Караульный на сторожевой вышке зябко поежился, ночи были довольно холодны. Осень уже во всю вступила в свои права и по утрам было довольно холодно. Солнце нехотя медленно поднималось из-за горизонта и утренняя роса, так же не торопясь, испарялась, создавая легкую дымку. В этом утреннем тумане все казалось каким-то призрачным и нереальным. Поэтому он не сразу заметил расплывчатые тени, которые через какое время превратились в вполне реальных мужиков, одетых кто во что горазд. В руках они держали разномастное оружие, в основном крепкие сучковатые дубинки, а один даже держал меч. Так что они не были совсем уж безобидными.
Ну и плевать бы на них, мужичье они и есть мужичье и не дружине барона их бояться, но они, встав перед воротами, кричали такие обидные вещи, что караульный не выдержал и позвал кого-то из начальства. Десятник, вызванный им, зевая во весь рот, вначале дал караульному по шее, за то, что тот помешал досмотреть самые сладкие утренние сны, а затем воззрился на десяток крестьян, беснующихся у стен крепости. Ему очень не понравилось то, что он услышал и уже он послал караульного, чтобы тот разбудил барона.
Тот явился еще более недовольный, чем десятник. Правда рукоприкладством заниматься не стал, но свою порцию того, кем по мнению барона является десятник и кем были родители этого нехорошего человека, десятник получил. Ну а затем уже барон соизволил обратить свое внимание на причину столь ранней побудки. Крестьяне, видимо притомившись немного притихли, но при появлении барона оживились и тот с удивлением услышал вариации собственных выражений, только что высказанных в отношении десятника. Бесноватая десятка оборванцев изгалялась как могла, получив добавочный стимул в виде изумленной морды барона. Один из них даже снял рваные портки и развернулся к воротам своей филейной частью, чтобы зрителям было лучше видно. А уж какие перлы они выдавали! Ольта никак не устраивала местная примитивная ругань, в которой наивысшим достижением было выражение: «Да чтоб тебя Единый не принял!» И это было страшным проклятием.

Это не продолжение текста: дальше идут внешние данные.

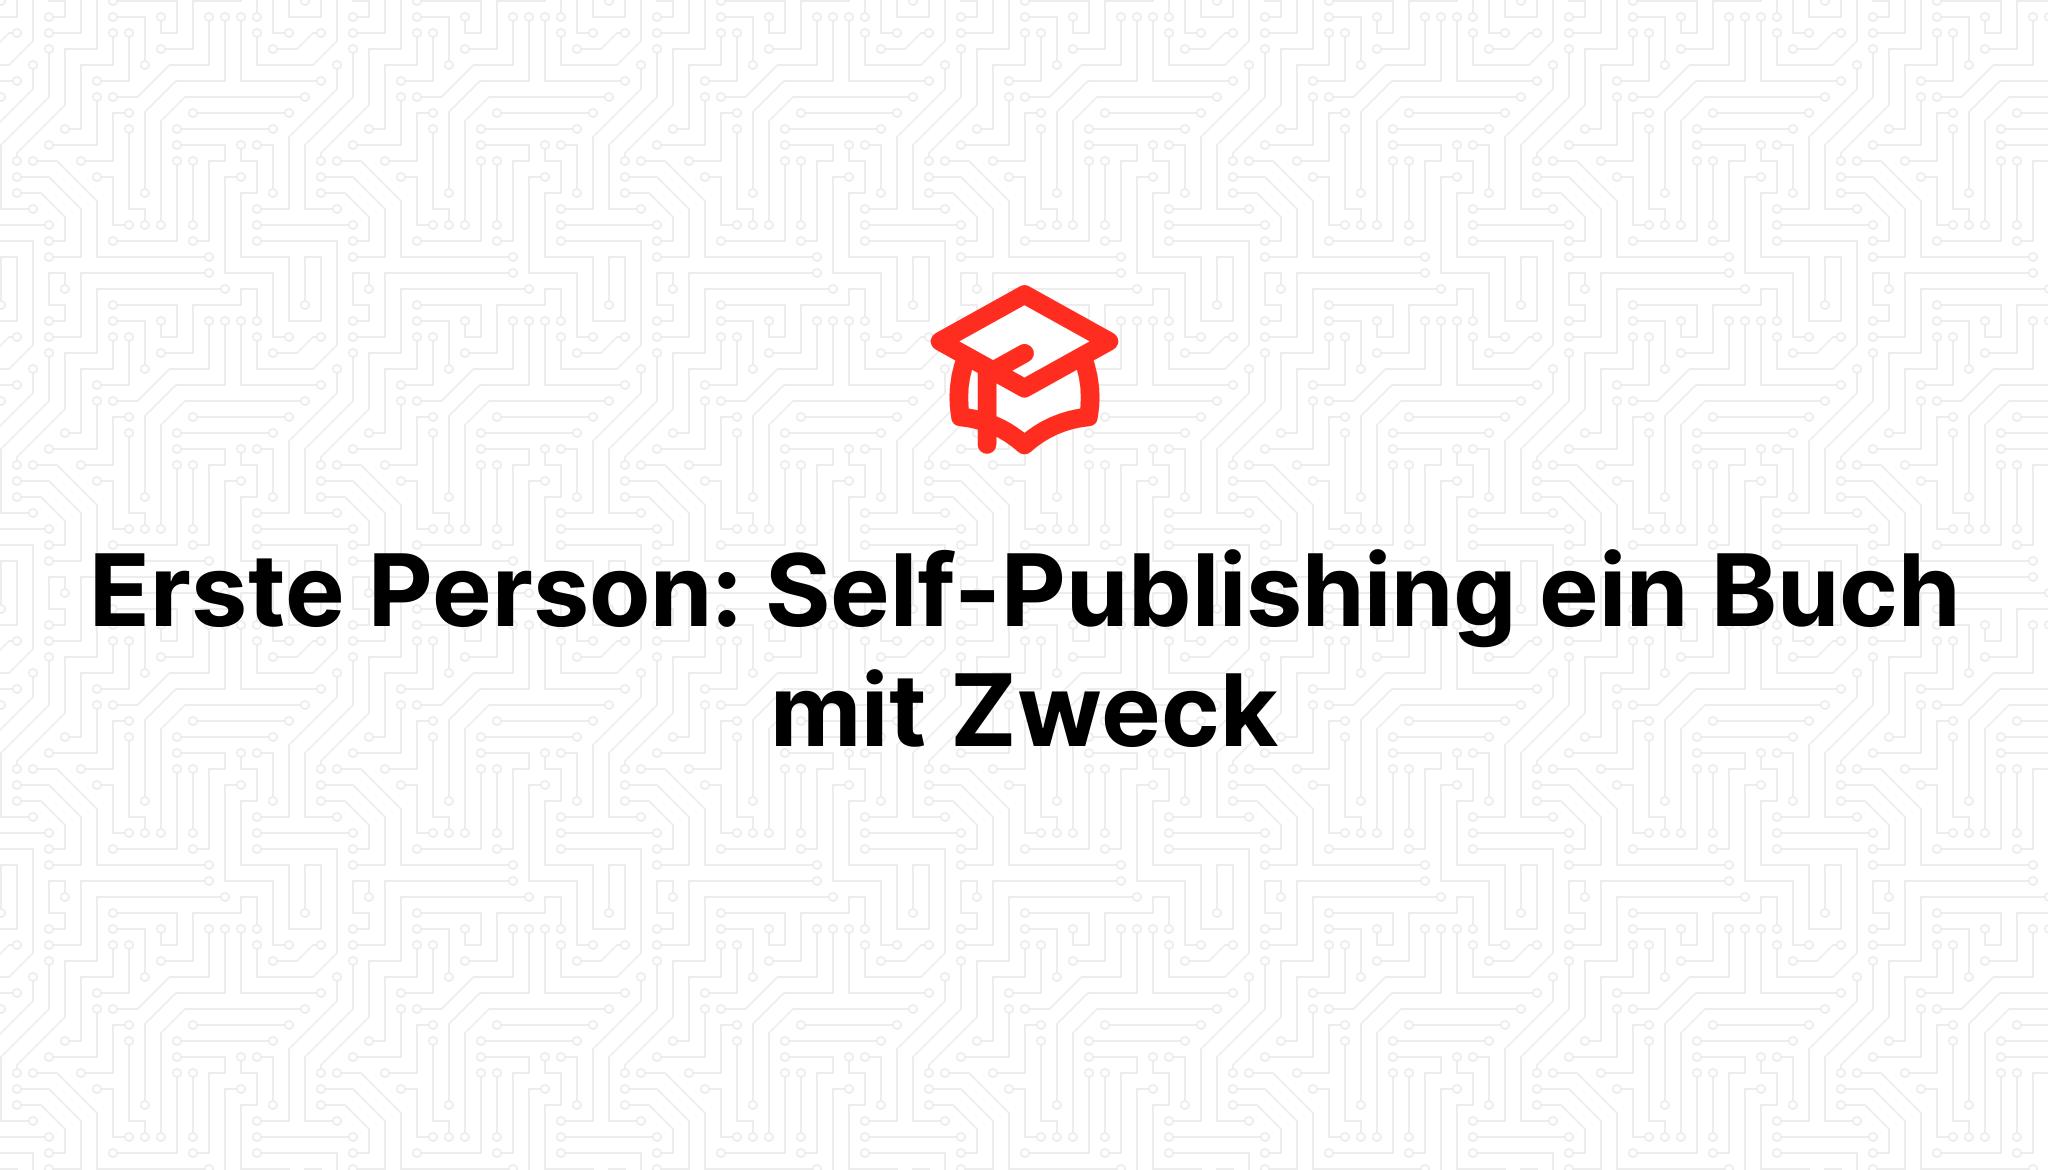 Erste Person: Self-Publishing ein Buch mit Zweck

Нет уж, ругаться так ругаться, и он научил вояк некоторым земным выражениям, переведя то, что можно было перевести и оставив в неприкосновенности непереводимое. У барона глаза на лоб полезли, а уши наверно завились в трубочку, когда он услышал о своей родословной в интерпретации Ольта и о том, что он сам собой представлял в результате совокупления таких разнообразных предков. А когда самый наглый из оборванцев прокричал: «neadekvatny» тип, гнойной язвой «parazitiruyoushiy» на народном теле, терпение барона превысило все границы. Он бы еще понял «кусок говна, выблеванный влагалищем самкой шакала, оттраханной диким кабаном в период сумасшествия», но непонятные слова подразумевали под собой нечто такое, что видно и сказать нельзя было простыми словами.

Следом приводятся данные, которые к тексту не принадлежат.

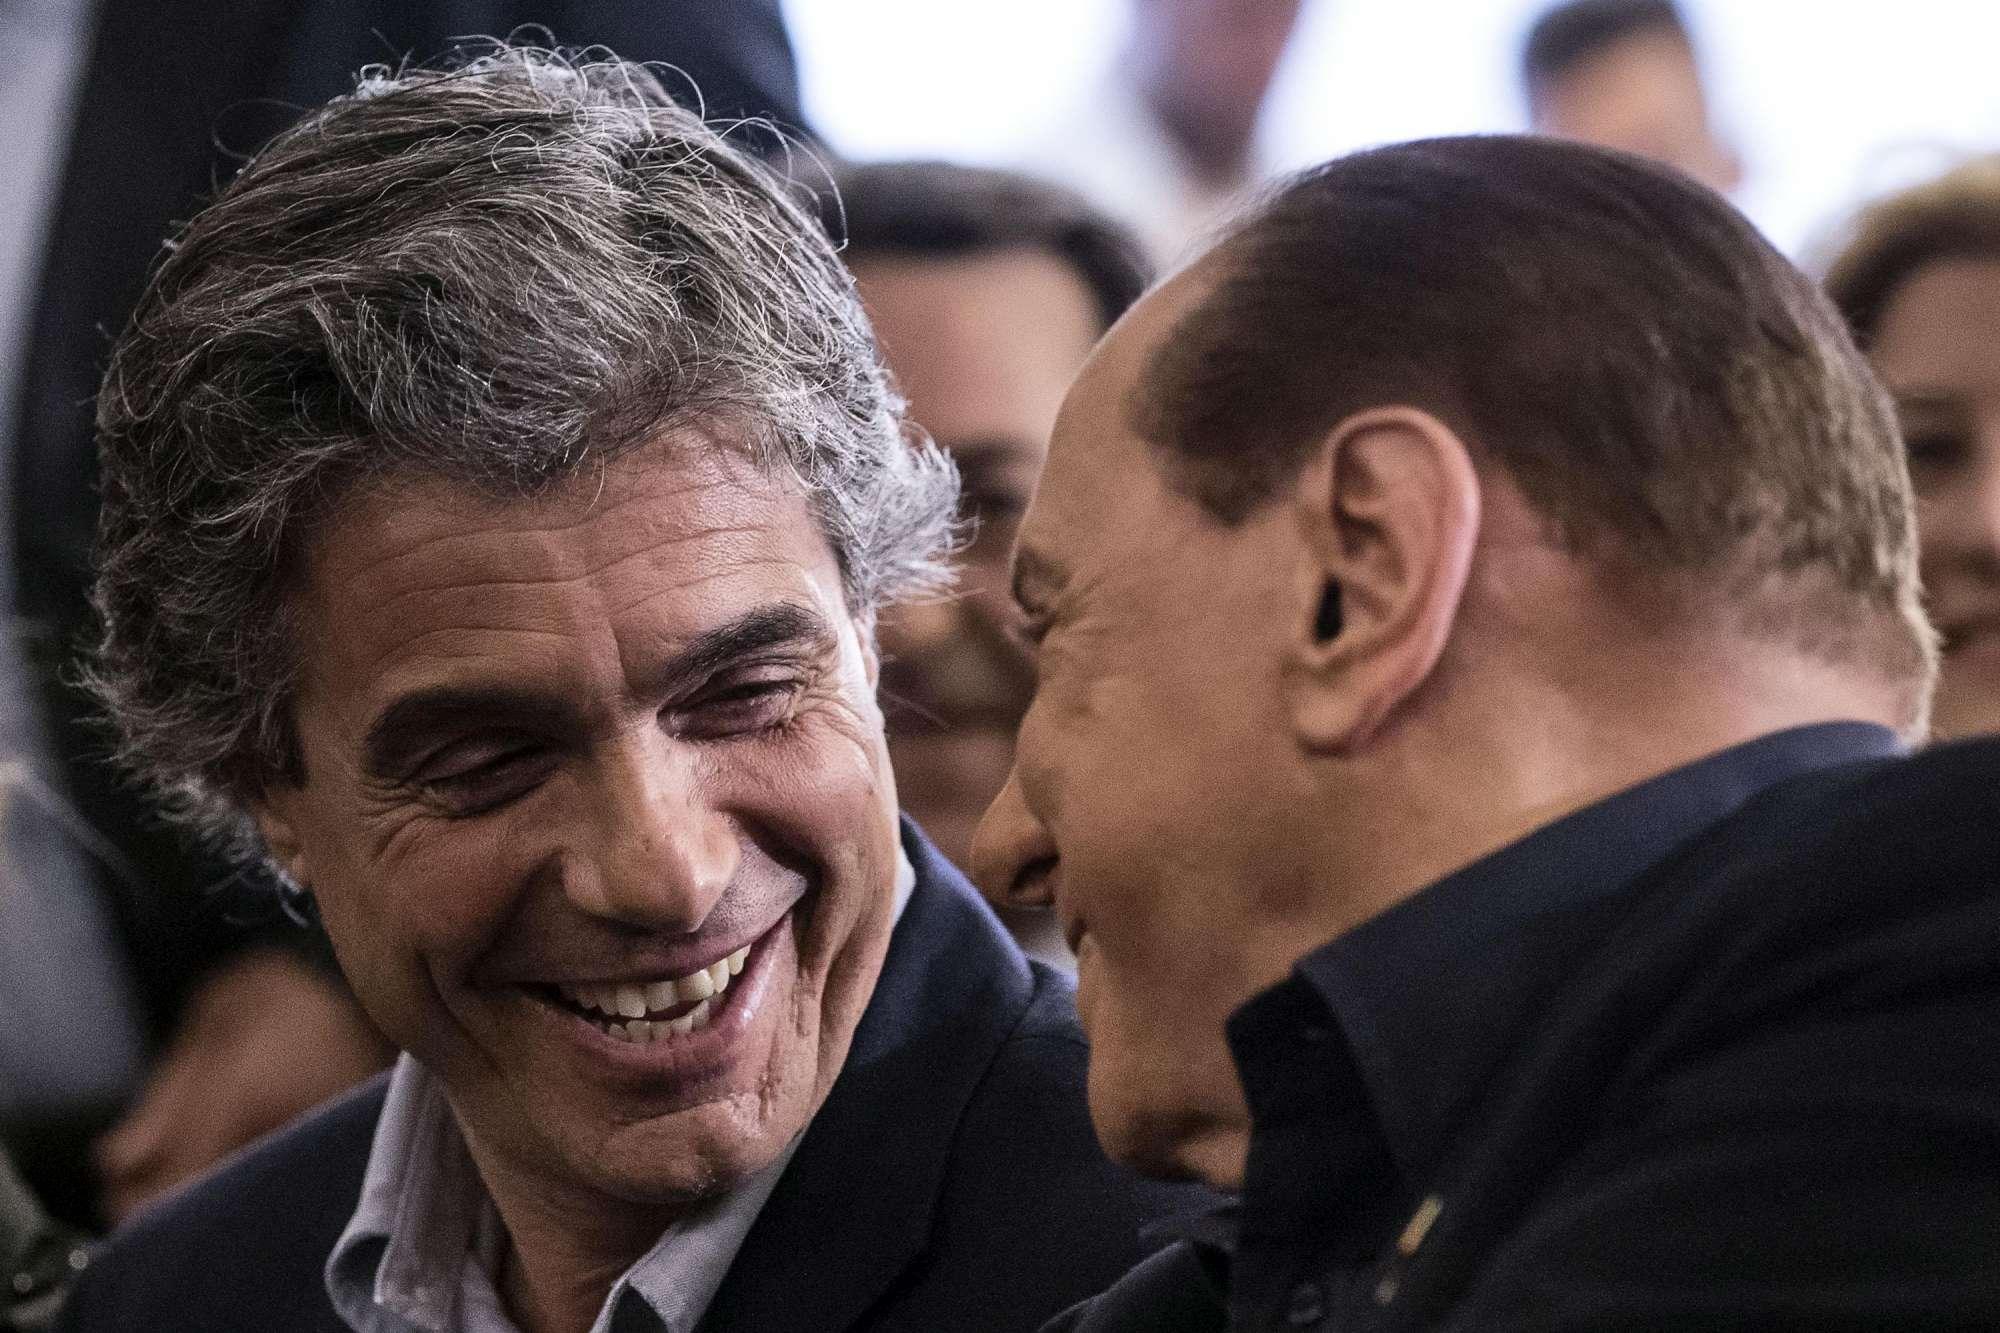 Elezioni, Bertolaso lascia: Forza Italia appoggia Marchini

Его рев-команда была слышна далеко за стенами укрепления. При виде открывающихся ворот стайка оборванцев рванула к лесу, за ними беспорядочной толпой, не соблюдая строя и вообще хоть какого-нибудь порядка, во главе с самим бароном побежали баронские дружинники. Когда последний из них отдалился от ворот метров на пятьдесят, возле покинутых ими стен встала стена лучников человек в тридцать. Второй отряд вышел из-за деревьев, куда бежали оборванцы, для которых кстати тоже в кустах были припрятаны луки. А третий отряд ударил во фланг баронской дружине из разросшихся и давно не вырубаемых кустов со смешного расстояния метров тридцати. Одна стрела досталась караульному, который захрипев пробитым легким свесился с вышки, остальные роем устремились в беспорядочную толпу. Первый залп, второй… Растерявшиеся дружинники даже не поняли, что им надо защищаться, тем более, что многие, что бы было легче бежать, даже не одели доспехи и не взяли с собой щиты. Расслабились воины на баронских харчах, гоняя по деревням только малочисленных и безответных крестьян с бабами. Третьего залпа не понадобилось. Ольт впервые воочию увидел, что может сделать на поле боя почти сотня настоящих лучников. Баронская дружина, кто убитый, кто стонущий от ран, полегла вся. Сам барон Вриодр погиб одним из первых, пораженный сразу тремя стрелами. Деревенские дружинники, не ожидавшие такой быстрой и сокрушительной победы, в растерянности замерли с не верящими сами себе улыбками на губах. Леко же вообще стоял с оказавшимся ненужным мечом в опущенной руке и чесал затылок. Сквозь толпу воинов к нему пробился Ольт и восторженно закричал:
— Ну вы и дали! Раз — и все! Теперь надо быстрей захватить замок, там еще осталось немного воинов и семейка барона. — Ольту было легко разыграть восхищение, тем более, что это соответствовало действительности. Но требовалось скорее выводить полусотника из ступора. Дело еще не было закончено.
Леко быстро сообразил и посыпались команды. Первому десятку добить раненых, никто не собирался оставлять обиженных и затаивших в сердцах месть, остальным в крепость. Но не как попало, а в боевом строю. К чему может привести беспечность, все только что увидели. Десяток врагов, выстроящихся перед домом барона в какое-то подобие строя, смели одним махом, потеряв при этом только двоих раненных. Опять отличились лучники, взобравшиеся на стены и контролирующие весь двор. Засадный десяток привел человек семь домочадцев и дворовых людей, которые пытались скрыться через заднюю калитку.
Победа была полной и безоговорочной и можно сказать без потерь, не считать же двух раненных, которые были только легко задеты, да и то из-за своей неопытности, и сама битва заняла от силы час времени. Пленников пока заперли тюрьме, без которой не обходился ни один баронский замок, а Леко занялся расставлением караулов и размещением дружины. Два десятка он погнал по окрестным деревням, чтобы те рассказали все о новостях и собрали выборных людей. Об этом условии Карно предупредил особо. После того как все люди были расставлены или получили соответствующие задание Леко, Ольт и оставшиеся свободными дружинники вдумчиво занялись экспроприацией экспроприированного или проще говоря грабежом награбленного. Все, честно отнятое бароном у крестьян, сносили во двор и складывали в общую кучу. Время дележа наступит потом, когда будет учтена каждая медяшка, и распределение добычи будет проводить только воевода.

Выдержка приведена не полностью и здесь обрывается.